Square continues its torrent expansion
In terms of the lifecycle of their businesses, Square and American Express couldn't be farther apart. Just seven years old, Square remains in "land grab" mode, spending heavily to capture as much market share as possible amid rising competition. Its bread and butter are local small-and-mid-sized businesses (SMBs) that want a simple, transparent, and integrated solution to meet all their financial needs.
To do so, Square has expanded aggressively from its original card reader into providing back-end software and analytics, mobile payments processing, lending, and other services through its proprietary branded platform. The company continues to see adoption at a compelling pace in companies with annual transaction volume between $125,000 and $20 million. This group drove 42% of all Square payment volume in its most recent quarter.

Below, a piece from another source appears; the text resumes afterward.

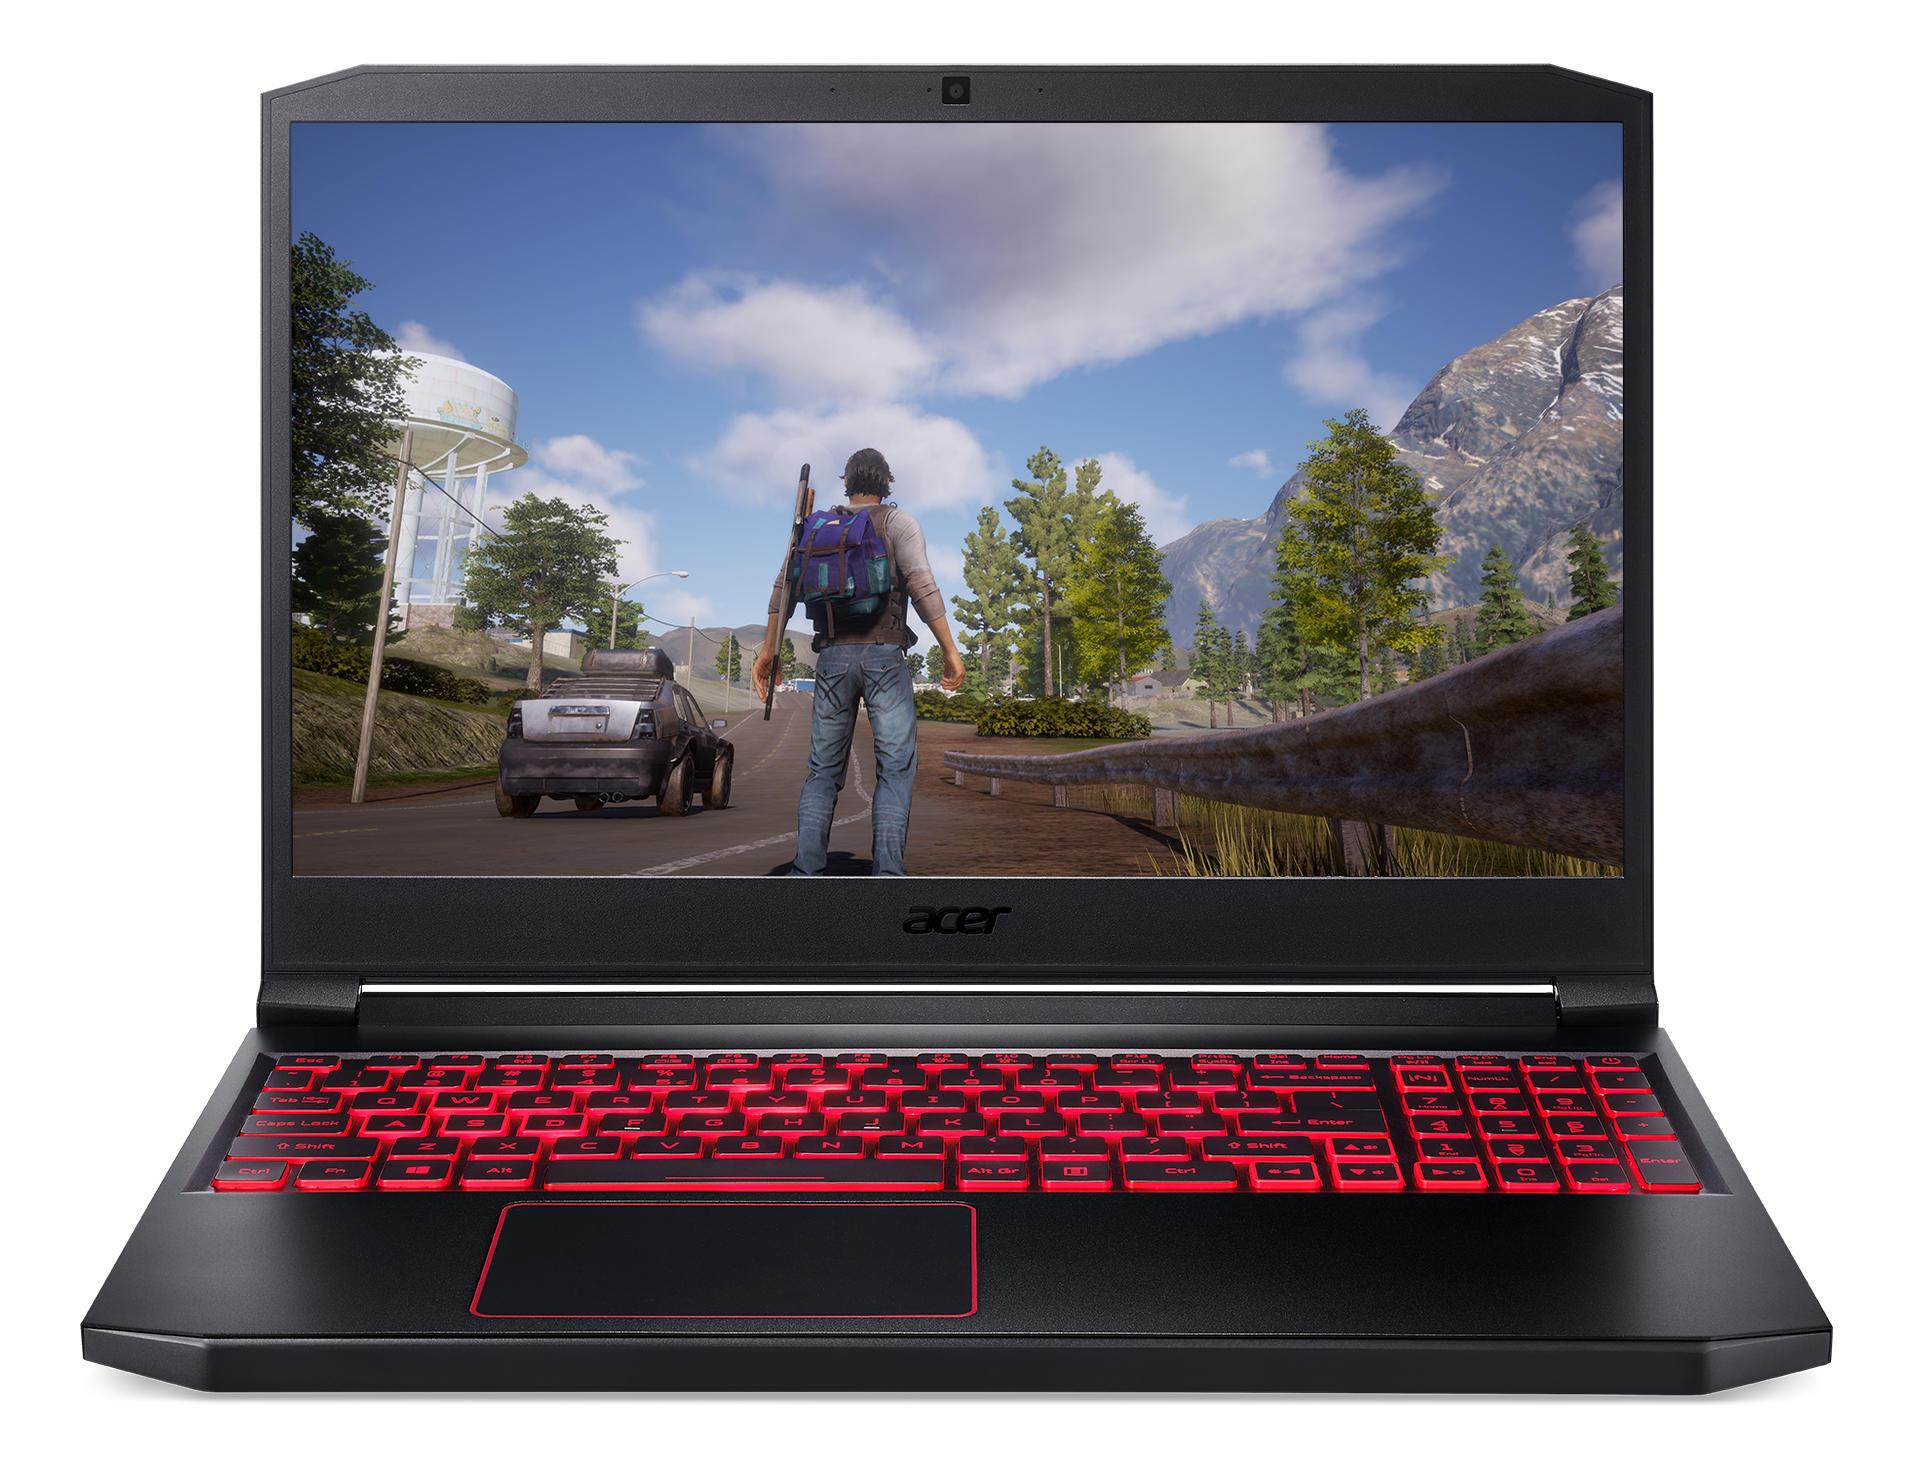 Acer Nitro 7 AN715-52-75GM laptop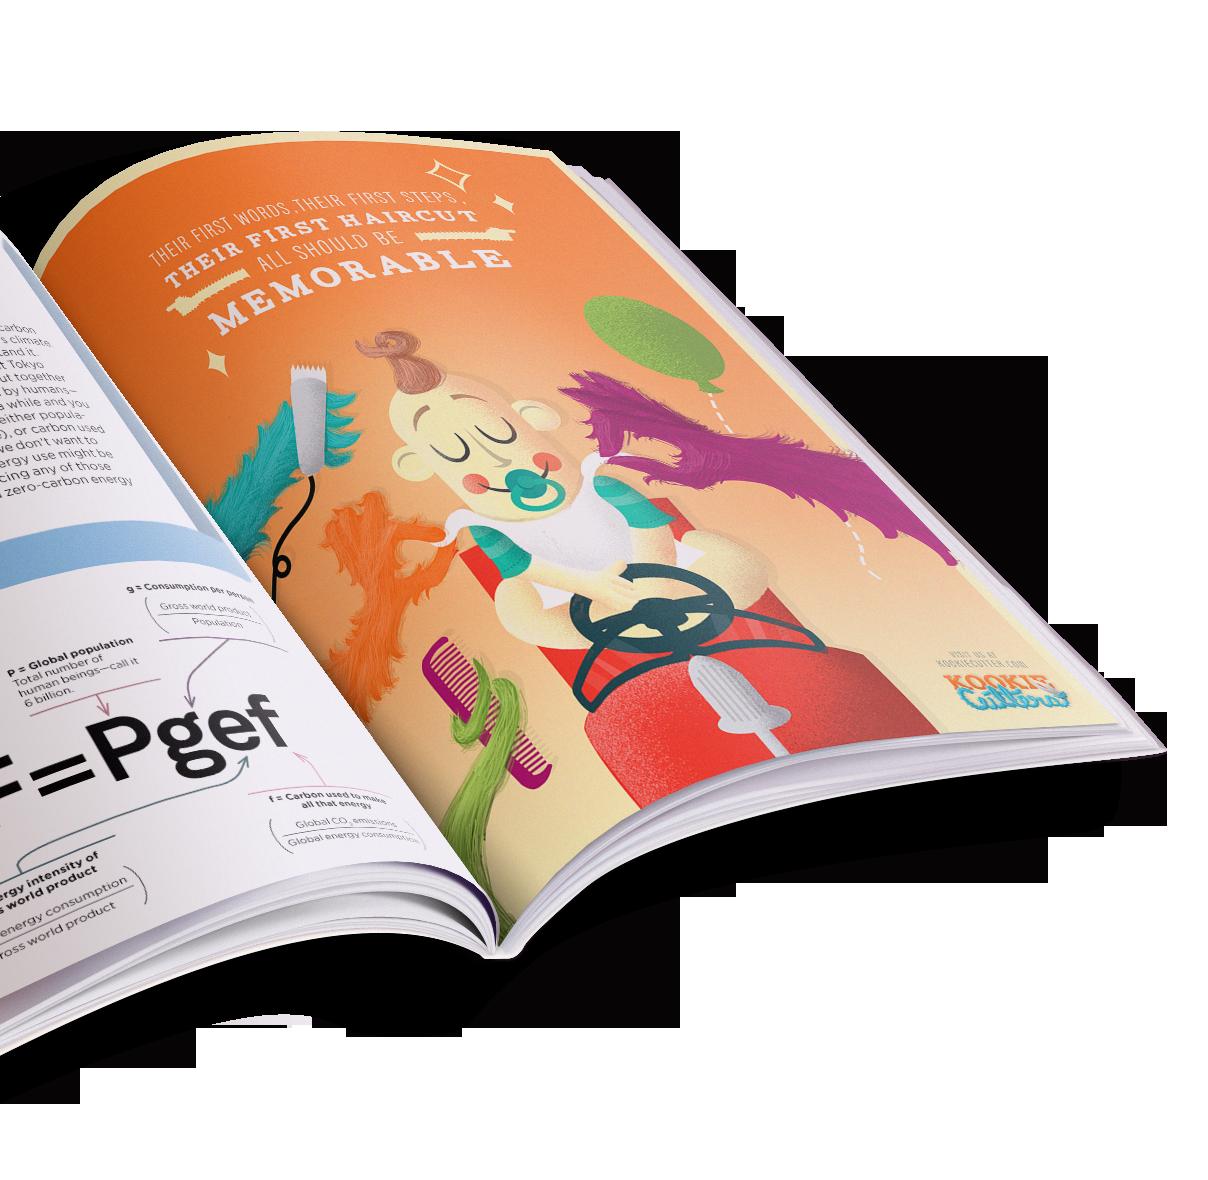 Kookie cutes magazine mock ups.png

As is the case with most businesses of Square's size, the growth company continues to lose money while posting impressive growth. In its most recent quarter, adjusted revenues rose 54% to $151 million from the prior quarter, and its losses continued to narrow. Better still, the company raised its bottom-line guidance for the full- year. Furthermore, analysts expect Square's total revenue to increase 32% and 21% in each of the next two fiscal years.
Shifting to valuation, Square's lack of profits make assessing its shares something of an inexact science. The company's GAAP losses are expected to persist for at least the next two years, though it's at least worth noting that Square's price-to-sales ratio sits at 2.3. As such, investors will need to have firmly bought into Square's business model before investing. Especially as competition from rival payments processors such as PayPal intensifies, Square's path to business dominance is no means guaranteed.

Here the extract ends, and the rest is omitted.